You pick the four words you think are linked and either you will get a solve and a lit up row that shows you how you were connected. If you’re close, it will tell you that you’re one away. Again, four mistakes you lose, but if you want to know the answers without failing, either come here, or delete your web cookies and try again. If you want to play more puzzles, you can get an NYT Games subscription to access the full archives of all past puzzles. So, onto the hints and answers:
What Are Today’s Connections Hints?
These are the hints that are laid out on the puzzle board itself, but after that, we will get into spoiler territory with some hints and eventually the answers.
- HAYSTACK
- PITCHFORK
- COPPER
- OCEAN
- CAST IRON
- ENAMEL
- HURLY-BURLY
- NAIL
- DICK
- CHUCK E. CHEESE
- HAIR
- CROWD
- GUMSHOE
- SKIN
- MILLION
- FLATFOOT
Here is a hint that gives you one word per group:
- 🟡 Yellow Group – HAIR
- 🟢 Green Group – MILLION
- 🔵 Blue Group – DICK
- 🟣 Purple Group – PITCHFORK
The hints for the Connections groups today are:
- 🟡 Yellow Group – It’s on you now
- 🟢 Green Group – A whole lot of things
- 🔵 Blue Group – Noir stars
- 🟣 Purple Group – ____word
What Are Today’s Connections Groups?
Alright, the full spoilers follow here as we get into what the groups are today:
- 🟡 Yellow Group – Body Coverings
- 🟢 Green Group – Masses in Idioms
- 🔵 Blue Group – Old Timey Slang for Law Enforcement
- 🟣 Purple Group – Starting with Synonyms for “Throw”
What Are Today’s Connections Answers?
The full-on answers are below for each group, finally inserting the four words in each category.

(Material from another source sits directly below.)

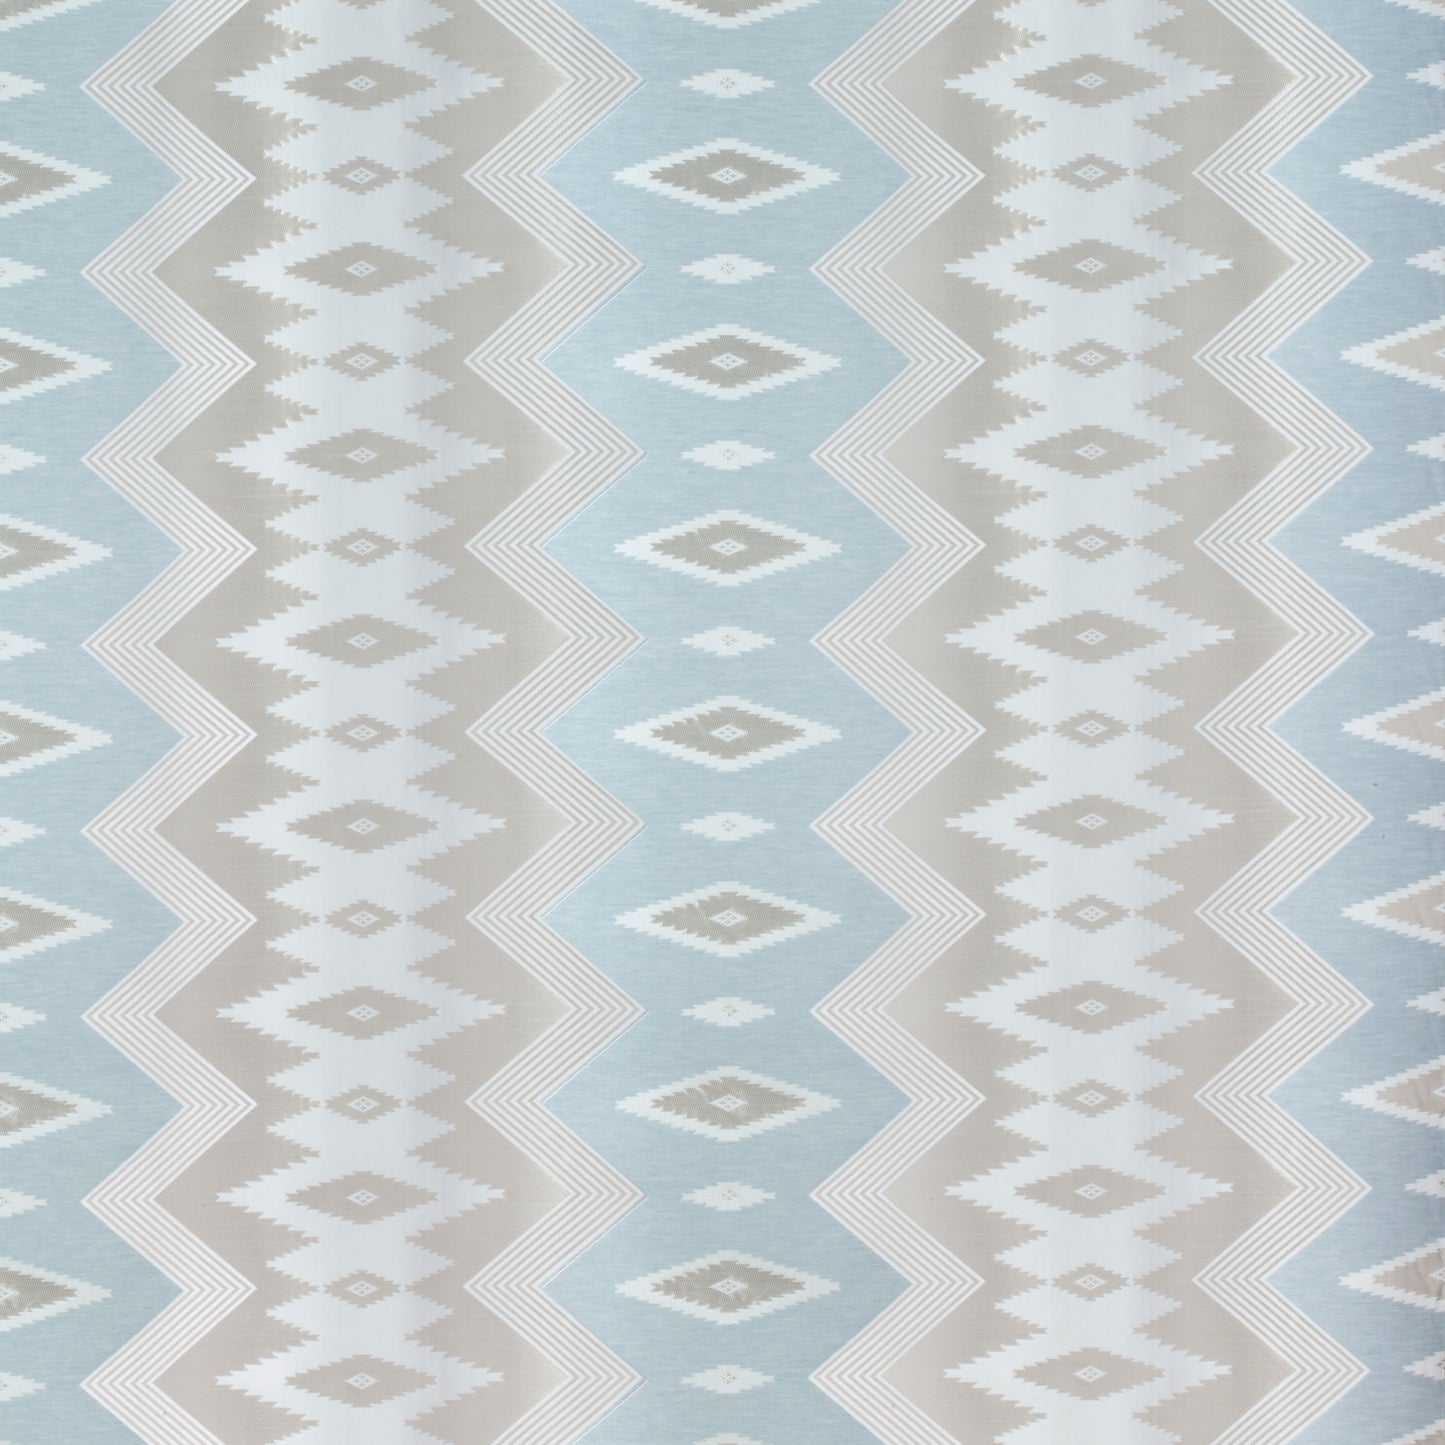 Purchase  Ann French Fabric SKU# AW73031  pattern name  Kantha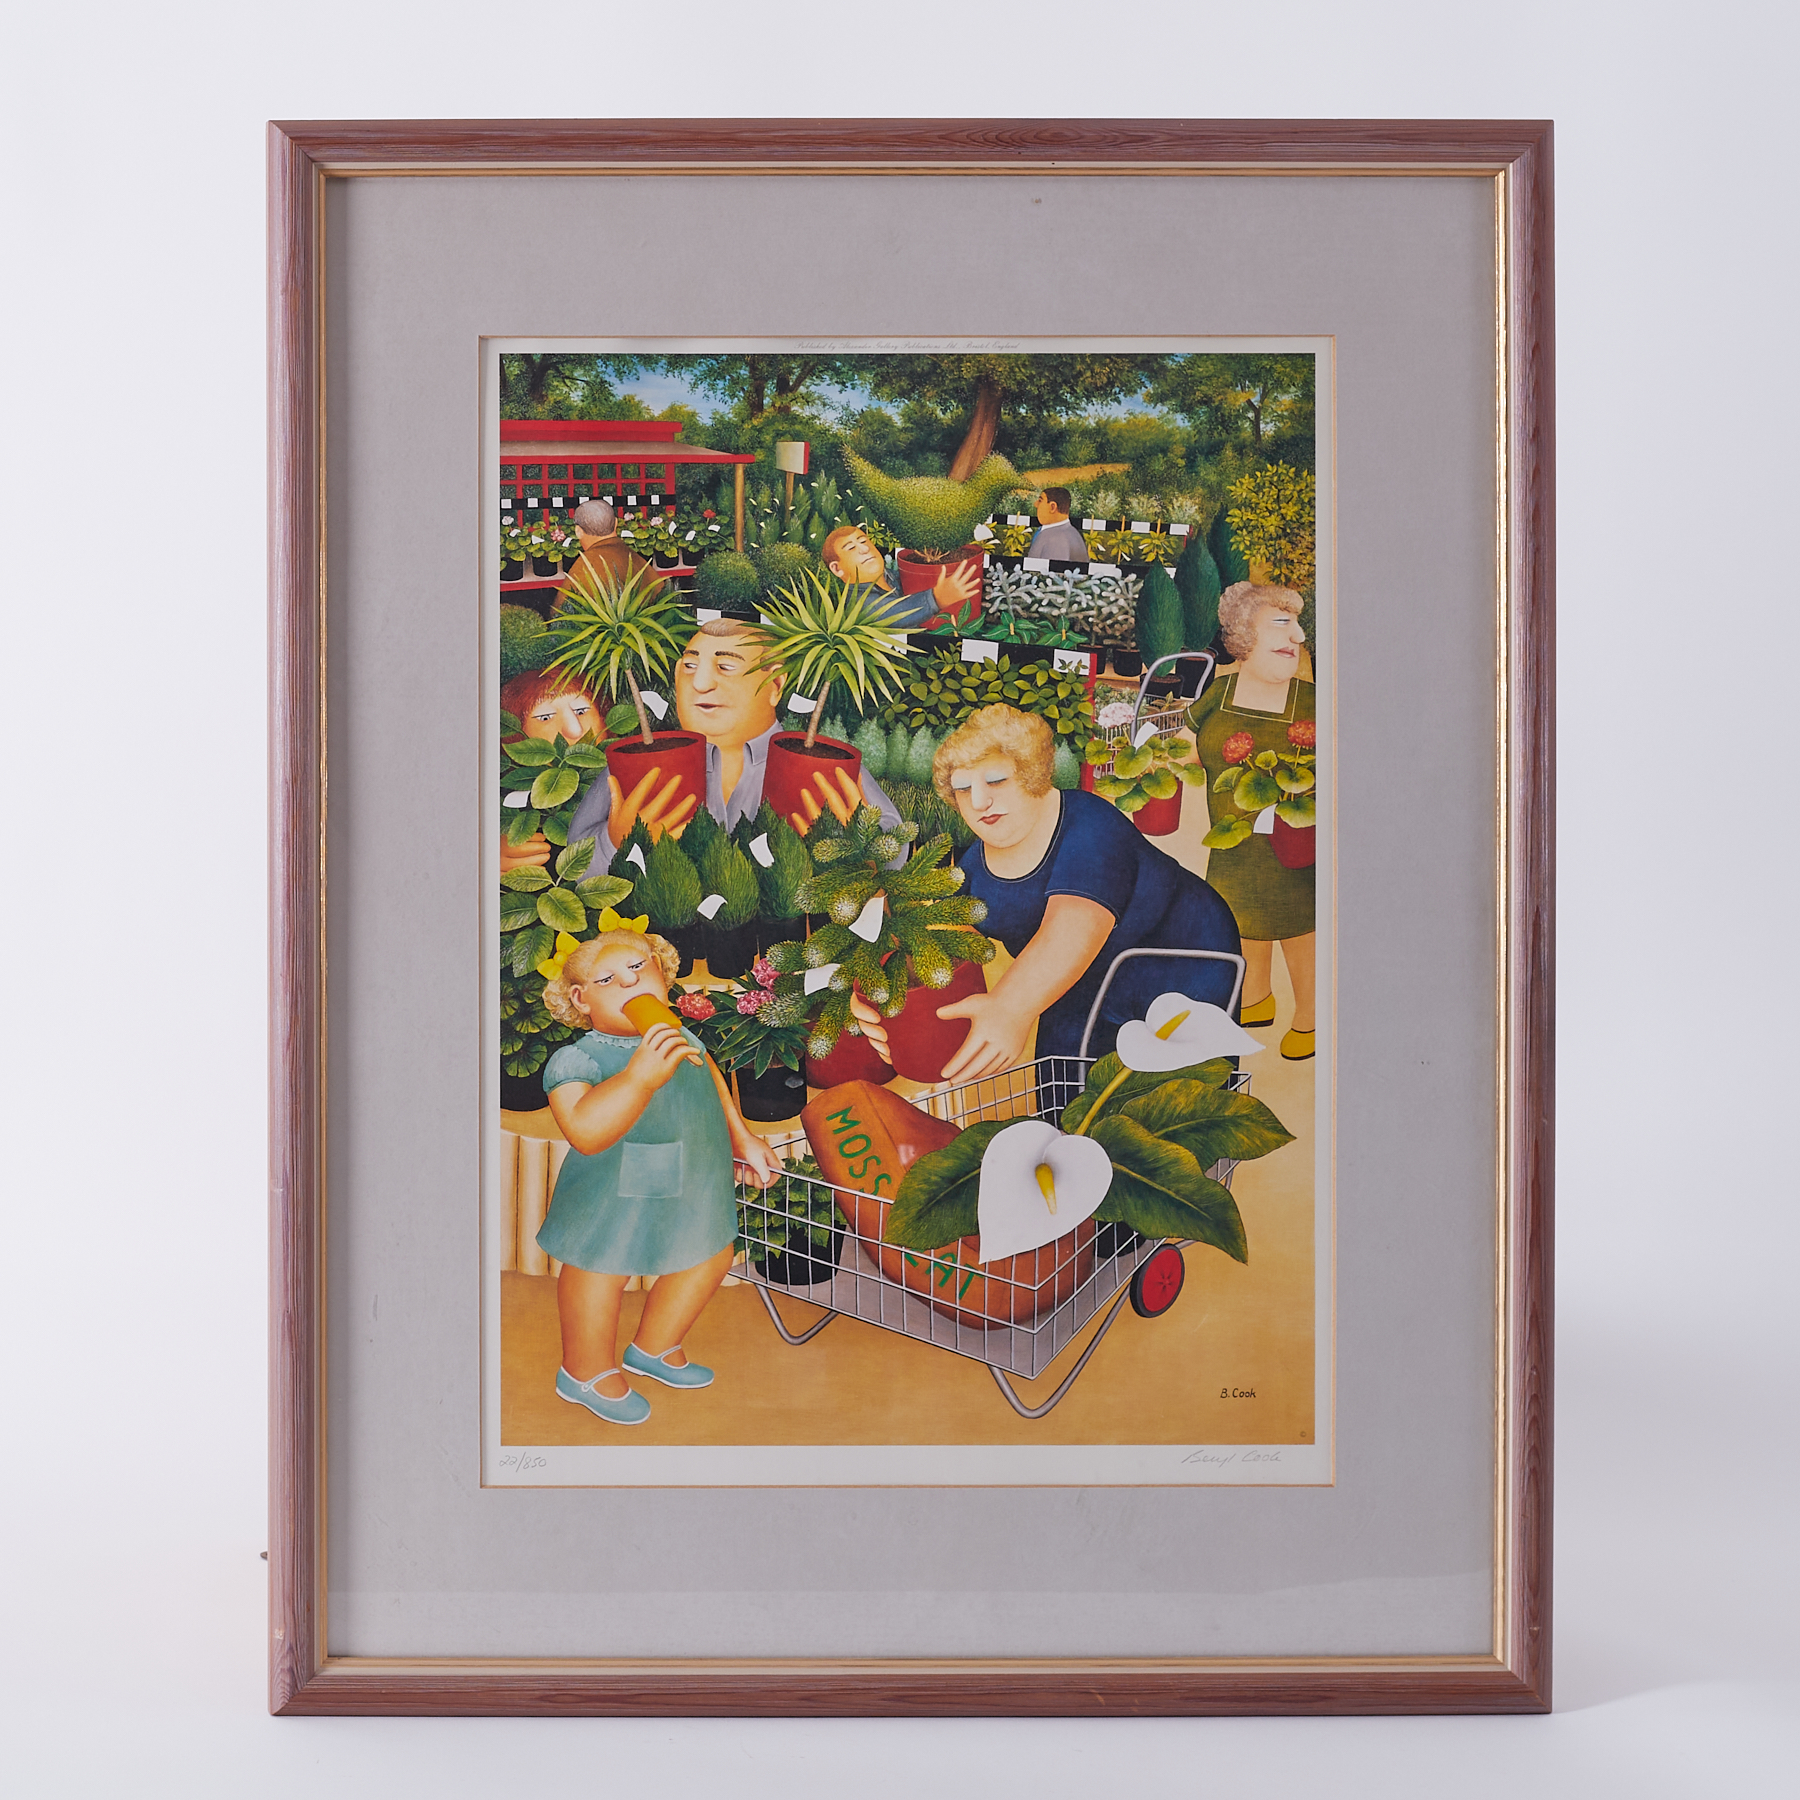 Beryl Cook (1926-2008) 'Garden Centre' signed limited edition print 22/850, 51cm x 38cm, framed

Spoilers follow if you do not want to get this far. The Connections answers are:
- 🟡 Yellow Group – Body Coverings (ENAMEL, HAIR, NAIL, SKIN)
- 🟢 Green Group – Masses in Idioms (CROWD, HAYSTACK, MILLION, OCEAN)
- 🔵 Blue Group – Old Timey Slang for Law Enforcement (COPPER, DICK, FLATFOOT, GUMSHOE)
- 🟣 Purple Group – Starting with Synonyms for “Throw” (CAST IRON, CHUCK E. CHEESE, HURLY-BURLY, PITCHFORK)
This puzzle is awash in tricky words you would think would be grouped together, though Yellow Group starts off with three clearly connected words in the form of hair, nail and skin. Then, you reach for enamel for teeth and you have your answer. I thought it was just “body things” rather than “body coverings,” but it works out the same anyway.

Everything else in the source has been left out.